## PROBLEM
No pictures go into the copy. Write out exactly the lines below from the one containing "Tatoveringsfjernelse med PicoPlus" through the one containing "F&aelig;rdig! Sally-Marie har".

*** Opening RAW DATA ***

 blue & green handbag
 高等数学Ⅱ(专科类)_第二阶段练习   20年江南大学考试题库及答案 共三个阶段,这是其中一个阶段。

*** Closing RAW DATA ***
*** Opening RAW DATA ***

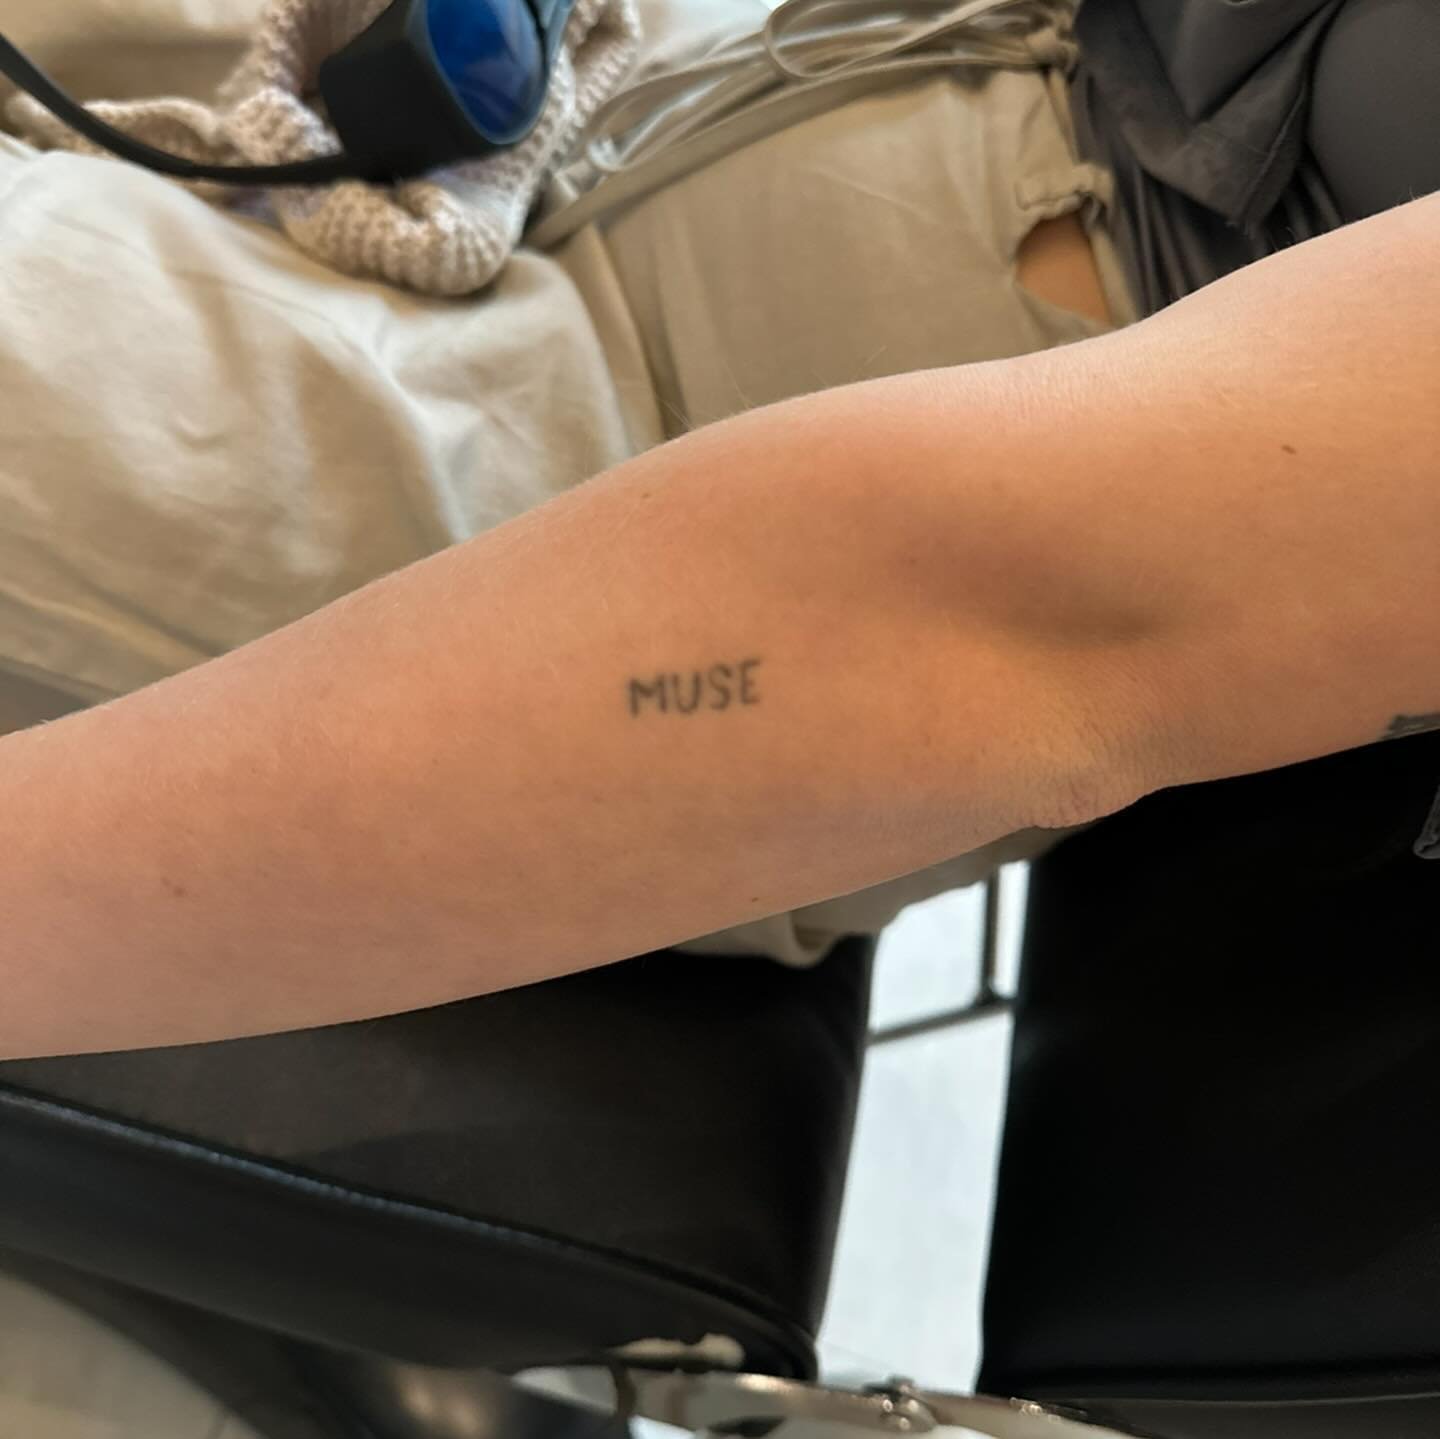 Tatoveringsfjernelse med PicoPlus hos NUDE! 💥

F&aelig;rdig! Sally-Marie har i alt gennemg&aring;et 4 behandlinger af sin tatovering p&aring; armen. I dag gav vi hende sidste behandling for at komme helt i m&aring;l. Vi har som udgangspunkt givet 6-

*** Closing RAW DATA ***

## YOUR RESPONSE
 Tatoveringsfjernelse med PicoPlus hos NUDE! 💥

F&aelig;rdig! Sally-Marie har i alt gennemg&aring;et 4 behandlinger af sin tatovering p&aring; armen. I dag gav vi hende sidste behandling for at komme helt i m&aring;l. Vi har som udgangspunkt givet 6-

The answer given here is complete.